- Born: November 1, 1913 Independence, Kansas, U.S.
- Died: May 7, 2010 (aged 96) Los Angeles, California, U.S.
- Education: Texas Tech University
- Occupations: Actress, philanthropist
- Spouses: ; Tex Thornton ​ ​(m. 1937; died 1981)​ ; Eric Small ​(m. 2005)​

= Flora L. Thornton =

American actress (1913–2010)

Flora Laney Thornton (November 1, 1913 – May 7, 2010) was an American actress and philanthropist.

==Biography==
===Early life===
Flora Laney was born on November 1, 1913, in Independence, Kansas. She was the daughter of Charles W. and Effie M. (Smith) Laney. She moved with her family to Fort Worth, Texas, where she attended Texas Tech University. She majored in nutrition and clothing design. She later moved to New York to study voice.

===Career===
She appeared in two Broadway musicals, May Wine and White Horse Inn.

===Philanthropy===
She served on the board of regents of Pepperdine University. She also served a seven year term at the Library of Congress Trust Fund Board. She supported the University of Southern California School of Music, the USC/Norris comprehensive cancer center, and the Library Foundation of Los Angeles. Following Thornton's contribution of $25 million to the School of Music in 1999, the USC Board of Trustees renamed the School of Music to USC Thornton School of Music. She also donated to the Keck School of Medicine of USC, Pepperdine University, the Walt Disney Concert Hall, the Los Angeles Music Center, and the Los Angeles Opera.

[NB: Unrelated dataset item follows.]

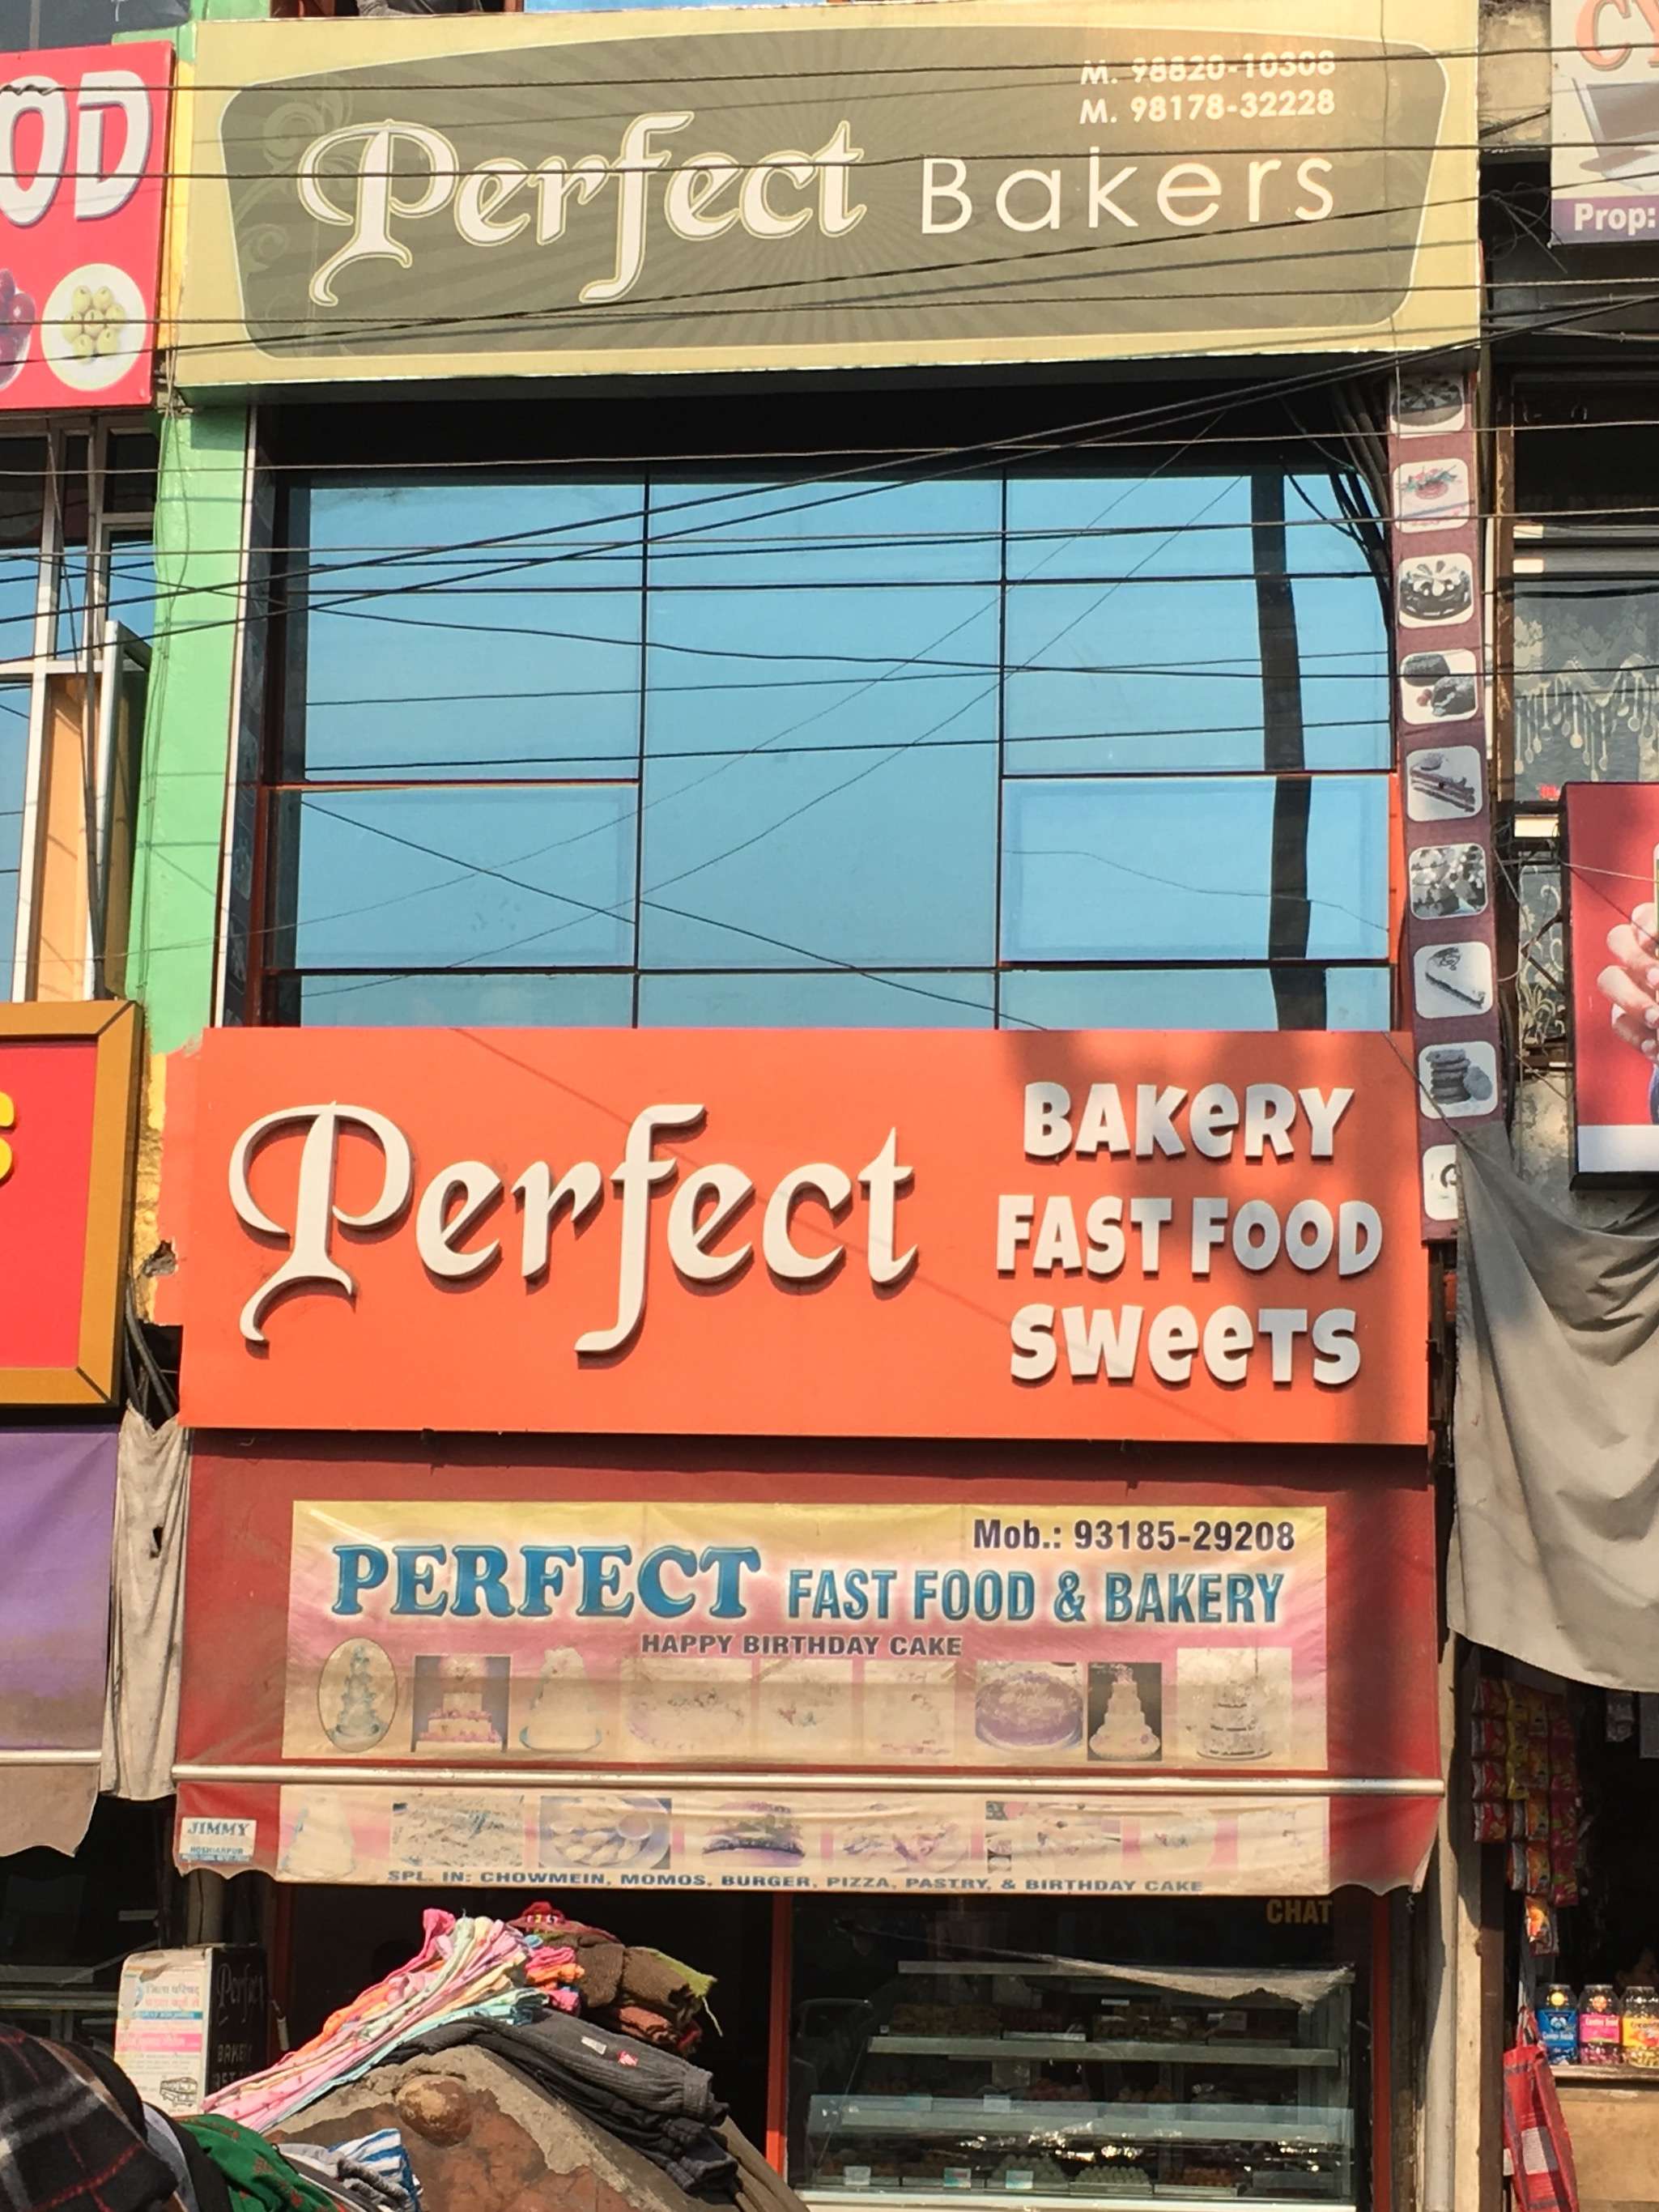 Perfect Bakery Fast Food &sweets

Her support to the Los Angeles Opera made her a life trustee and Founding Angel in 1989. She partnered with Plácido Domingo, the company's general director, to establish the Domingo-Thornton Young Artist Program. "Identifying and encouraging talented young artists with enormous potential is essential to the future of opera," Thornton said at the time. Thornton also served nine years on the board of the Santa Fe Opera. Her contribution helped organize a scholarship fund to the Music Academy of the West in Montecito.

She established the Flora L. Thornton Foundation, which supports philanthropic programs which help make local-world communities a better place to live. With her second husband, she supported the National Multiple Sclerosis Society Programs, which led to the establishment of the Eric Small Centers for Optimal Living, for people with multiple sclerosis and similar diseases.

===Personal life===
She married her first husband, Tex Thornton, in 1937. They were married for 44 years until his death in 1981. She remarried in 2005 to Eric Small.

===Death===
She died of pulmonary disease at her home in Holmby Hills on May 7, 2010. Her service was held at All Saints Church in Beverly Hills, California.